Complete Genome Sequences of Three Border Disease Virus Strains of the Same Subgenotype, BDSwiss, Isolated from Sheep, Cattle, and Pigs in Switzerland.

We report here the complete genome sequences of three border disease virus (BDV) strains of the same subgenotype isolated in Switzerland from a sheep, a cow, and a pig, respectively. This is the first report of full-length sequences of a tentatively new subgenotype isolated from three different species of cloven-hoofed farm animals.

GENOME ANNOUNCEMENT

Border disease virus (BDV) belongs to the genus Pestivirus, which includes important animal pathogens, such as bovine viral diarrhea virus (BVDV) and classical swine fever virus (CSFV). BDV occurs worldwide (1, 2), and several subgenotypes have been described to date (3, 4). BDV infections occur mainly in sheep and goats but also in cattle, pigs, and wild even-toed ungulates (2). We describe here the full-length sequences of three BDV strains isolated in Switzerland from a sheep, a cow, and a pig. They form a new, yet unclassified, BDV subgenotype. The first isolates of this type were isolated in 2006 in Switzerland and provisionally named BD Switzerland (5) or BDSwiss (6–8) or remained unclassified (4, 9, 10), and partial sequences (5′ untranslated region [UTR], Npro) were deposited in GenBank (accession no. JQ994199, JQ994200 GU244490, and GU244489). Recently, BD viruses of this subgenotype were detected in goats and chamois in Italy and were tentatively labeled BDV-8 (11, 12).

Samples R4785/06 (also named CH-BD4), R9336/11, and BD35-15 were obtained from a female white alpine sheep in 2006, a crossbreed (Braunvieh × Limousin) male cow in 2011 (7), and a female domestic pig in a zoo, respectively. Viruses from blood of sheep and cattle were isolated on bovine turbinate cells, whereas SK6 cells were used for porcine blood. RNA was isolated using the QIAamp viral RNA minikit (Qiagen AG, Hombrechtikon, Switzerland), and reverse transcription-PCR (RT-PCR) (Qiagen OneStep RT-PCR kit) was performed according to the manufacturer’s instructions. PCR fragments were purified with the QIAquick PCR purification kit (Qiagen). DNA-Sanger cycle sequencing with BigDye Terminator chemistry (version 3.1) and capillary electrophoresis (ABI 3730xl DNA analyzer; Applied Biosystems) were performed at Microsynth (Balgach, Switzerland). The 3′ ends were determined by a simplified protocol for rapid amplification of cDNA ends (RACE) (13) with direct sequencing of the amplification products or by cloning into pCRTM 4-TOPO (Invitrogen). The 5′ ends were determined by a 5′ RACE kit (Invitrogen or Roche). The electropherograms were assembled with SeqMan II version 5.01 (DNAStar, Inc., Madison, WI), and sequences were analyzed with Clone Manager 9 professional edition (Scientific & Educational Software, Cary, NC) and the MEGA program, version 6 (14).

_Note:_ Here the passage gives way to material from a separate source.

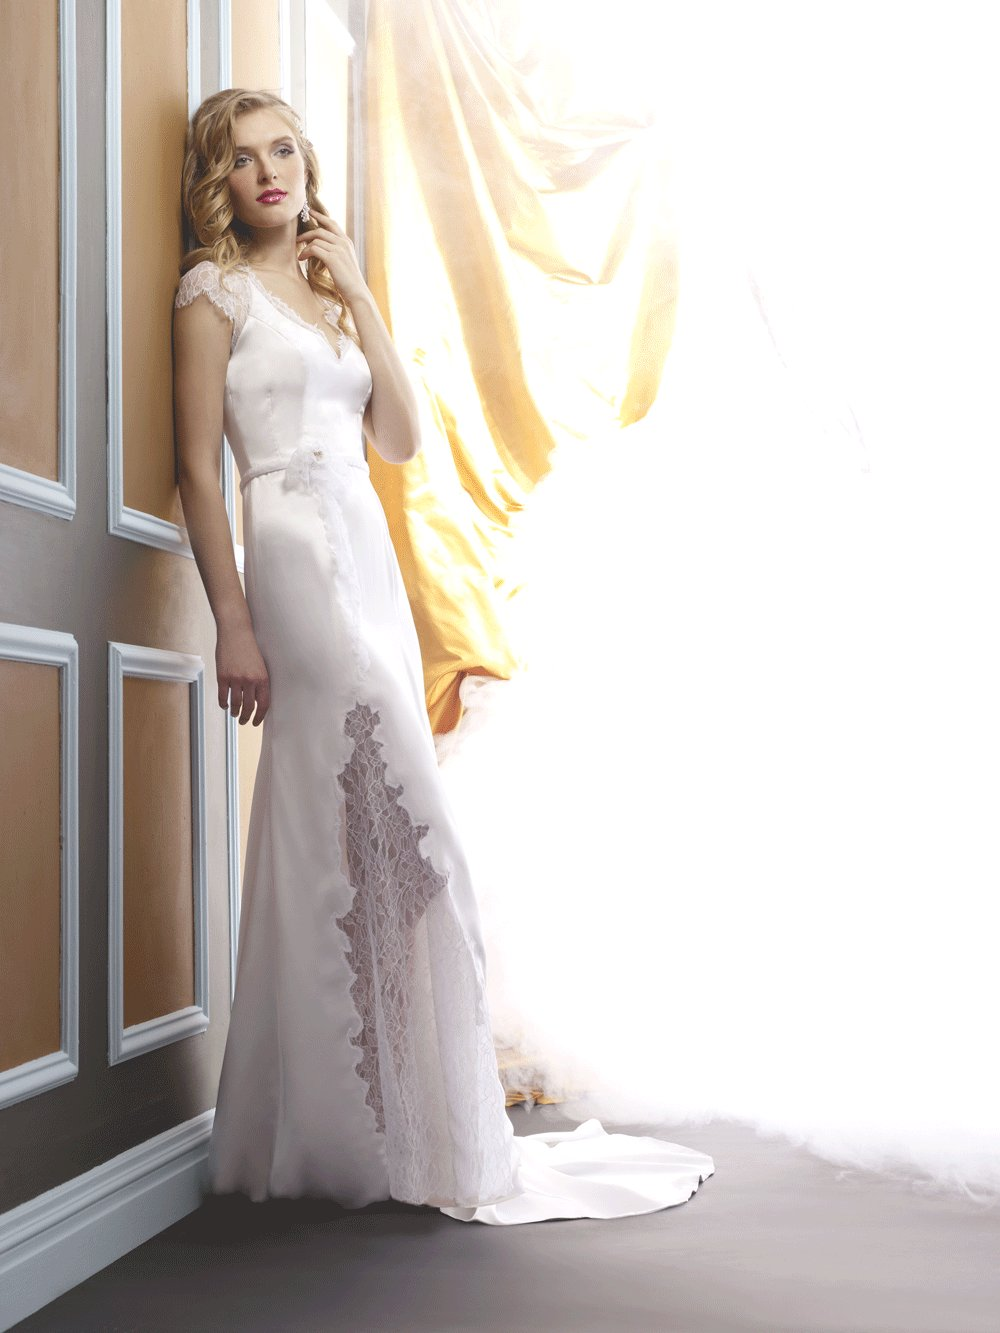 Wedding-dress-by-birnbaum-and-bullock-2013-bridal-paloma.full

The complete genomes of the isolates R4785/06, R9336/11, and BD35-15 comprise 12,318, 12,311, and 12,309 nucleotides (nt), with 5′ UTRs of 369, 377, and 375 nt and 3′ UTRs of 261, 246, and 246 nt, respectively. All polyprotein-coding sequences are 11,685 nt long and code for 3,895 amino acids (aa). The bovine and porcine isolates are more similar to each other (99% nt, 99% aa) than to the ovine strain (86% nt, 92% aa). In the Npro genomic region, the sequences of the strains reported recently from Italy (11, 12) match 82 to 92% (nt) and 86 to 93% (aa) to the corresponding regions in our strains.

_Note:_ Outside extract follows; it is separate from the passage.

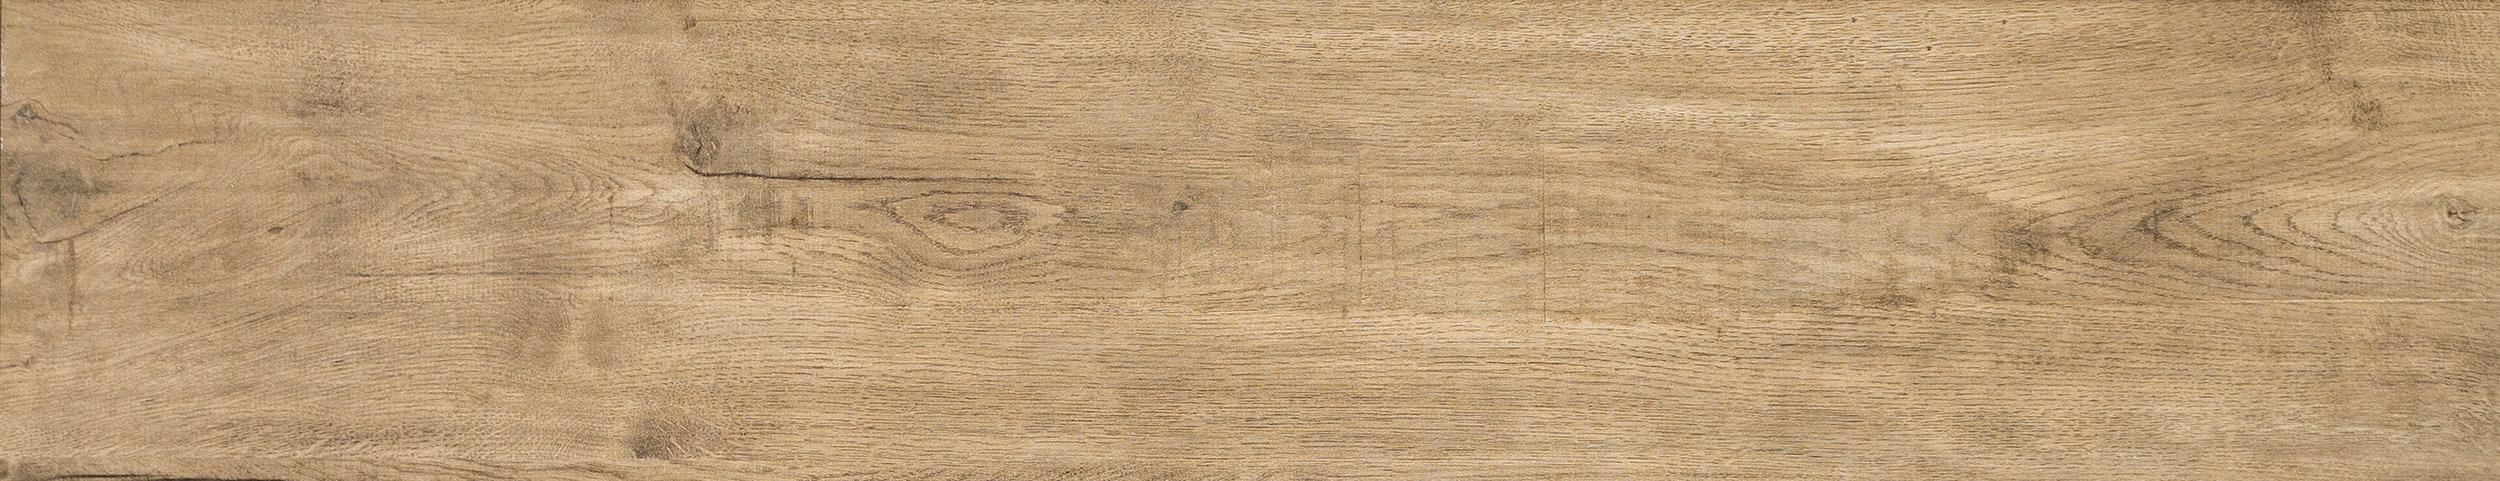 "log wood 6.5"" x 39.25"" beige"
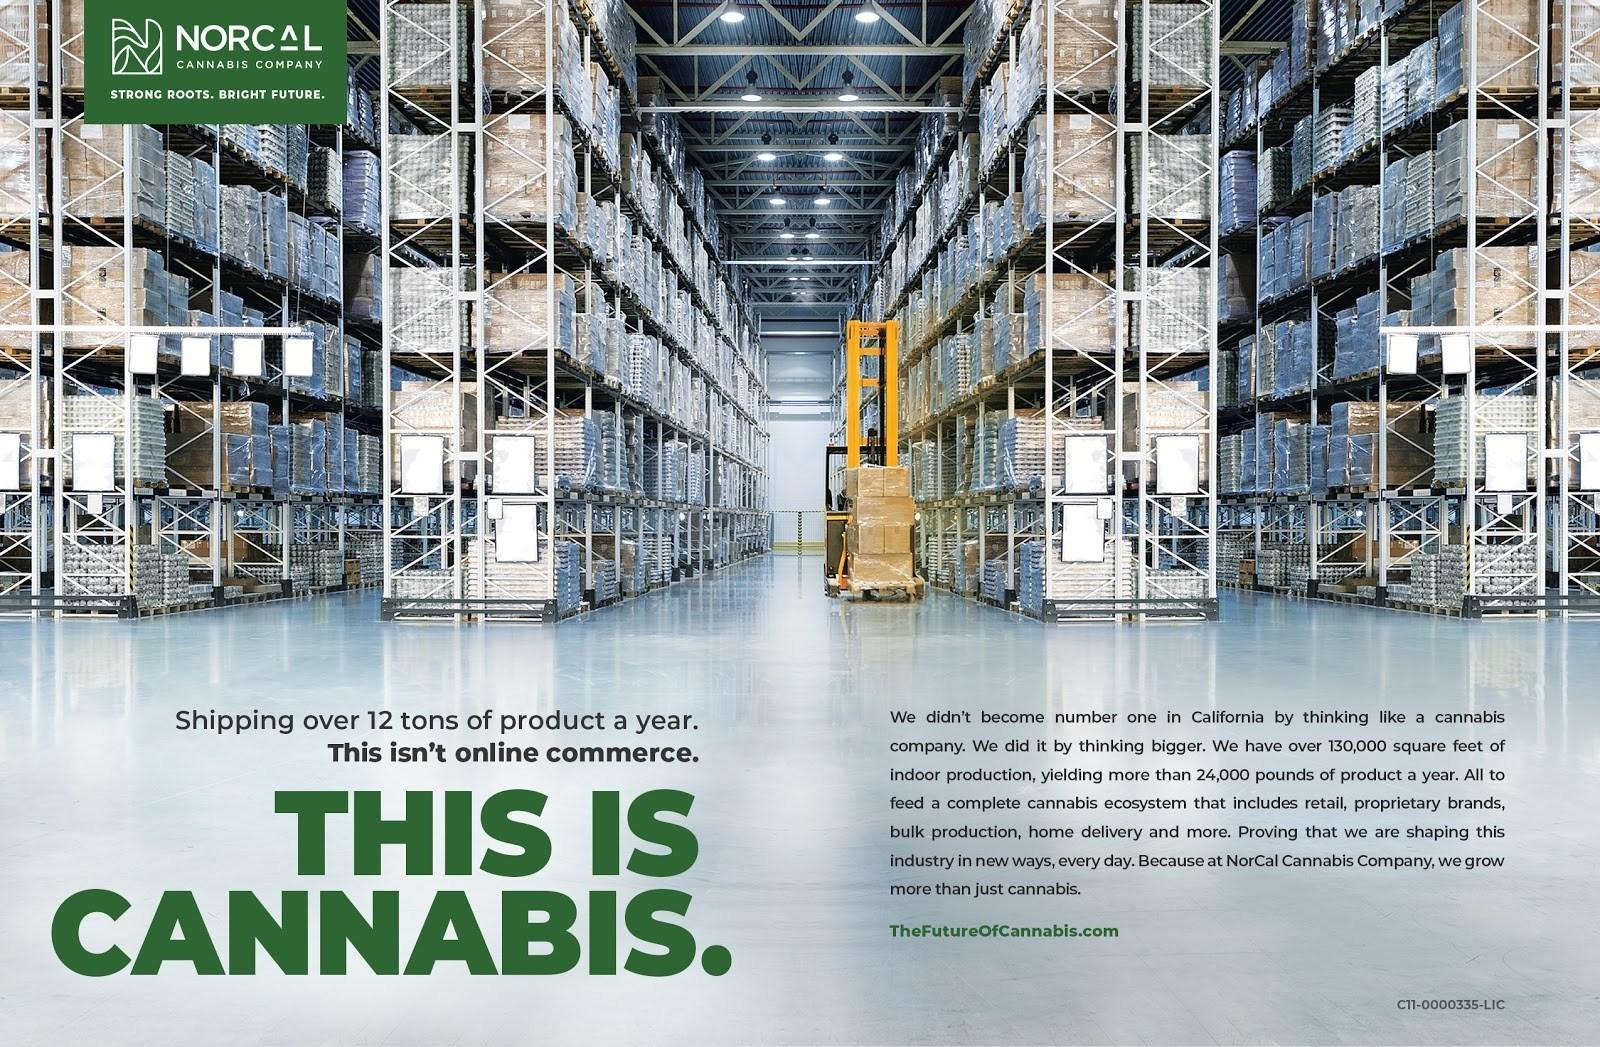 NorCal Cannabis - Educating Investors, Consumers Alike: NorCal's CMO Talks Cannabis Marketing

This is the first report of complete consensus sequences of three strains of the same BDV subgenotype, BDSwiss (later also named BDV-8), obtained from a sheep, a cow, and a pig in Switzerland, which will further assist investigations on the epidemiology and evolution of pestiviruses in different host species.

Accession number(s).

The complete sequences of the isolates R4785/06, R9336/11, and BD35-15 have been deposited in GenBank under the accession no. MF102260, MF102261, and MF102262, respectively.